Na verdade tinha uma vaga ideia de que o conceito tem sentidos diferentes consoante a disciplina e que dentro das diferentes disciplinas também pode ter sentidos e alcances distintos consoante as escolas ou doutrinas. De qualquer modo, sabendo de antemão que não iria entrar em campos ocultos como a investigação da paternidade, criminal, paranormal, militar, matemática ou darwiniana, quedo-me, assim, pela tradicional investigação em Ciências Sociais e dentro desta, não vou entrar em campos como a economia ou o direito, pelo que me fico na INVESTIGAÇÃO HISTÓRICA (com recurso à tradicional pesquisa documental em fontes publicadas há mais de 25 anos) e pela INVESTIGAÇÃO SOCIOLÓGICA (com recurso aos métodos estatísticos, às entrevistas e aos inquéritos).
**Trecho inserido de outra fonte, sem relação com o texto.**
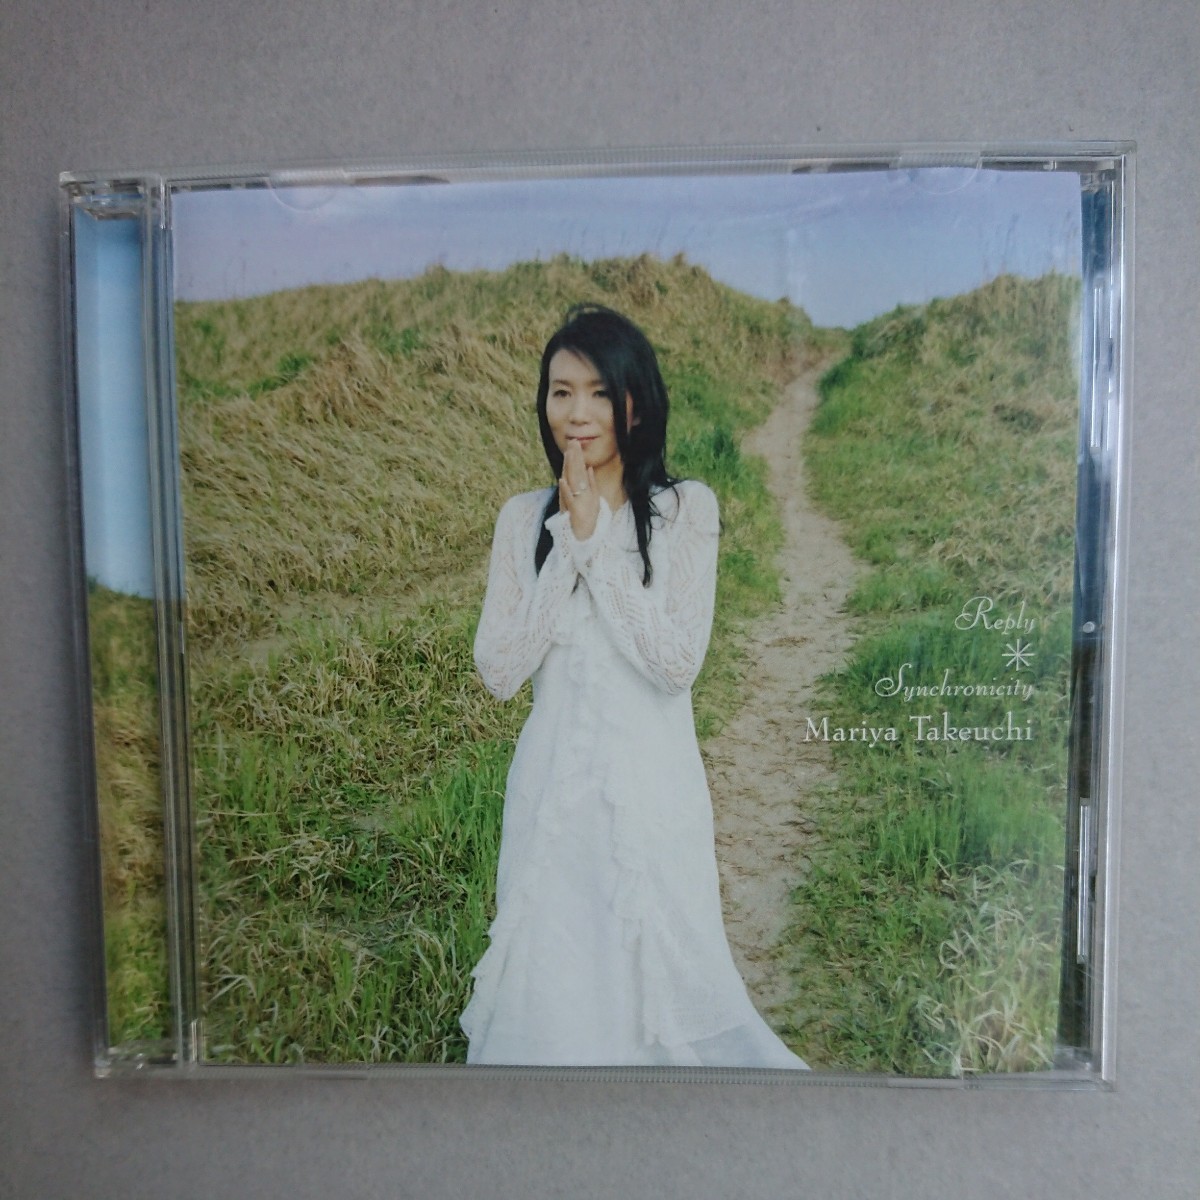 [ Takeuchi Mariya ответ / synchronizer ni City ( замечательный ..)] б/у одиночный CD Mariya Takeuchi Reply Synchronicity

Também é tradicional escrever-se nestas linhas sobre a investigação universitária ou formativa. No que diz respeito a trabalhos académicos não temos notícia da entrada de qualquer tese de mestrado ou doutoramento quer nos centros de documentação especializados (Biblioteca da Bedeteca e Biblioteca do CNBDI), quer nas bibliotecas das principais universidades portuguesas. Sobre acções de formação finalizadas ou ocorridas no ano em que se processa o balanço temos pelo menos conhecimento de duas acções de vulto promovidas pelo IPLB (Insituto Português do Livro e das Bibliotecas) em parceria com a Bedeteca (História da BD : contributos para a selecção documental nas bibliotecas e A História e a Literatura na banda desenhada). De qualquer modo a documentação referente a estas acções ainda não foi disponibilizada.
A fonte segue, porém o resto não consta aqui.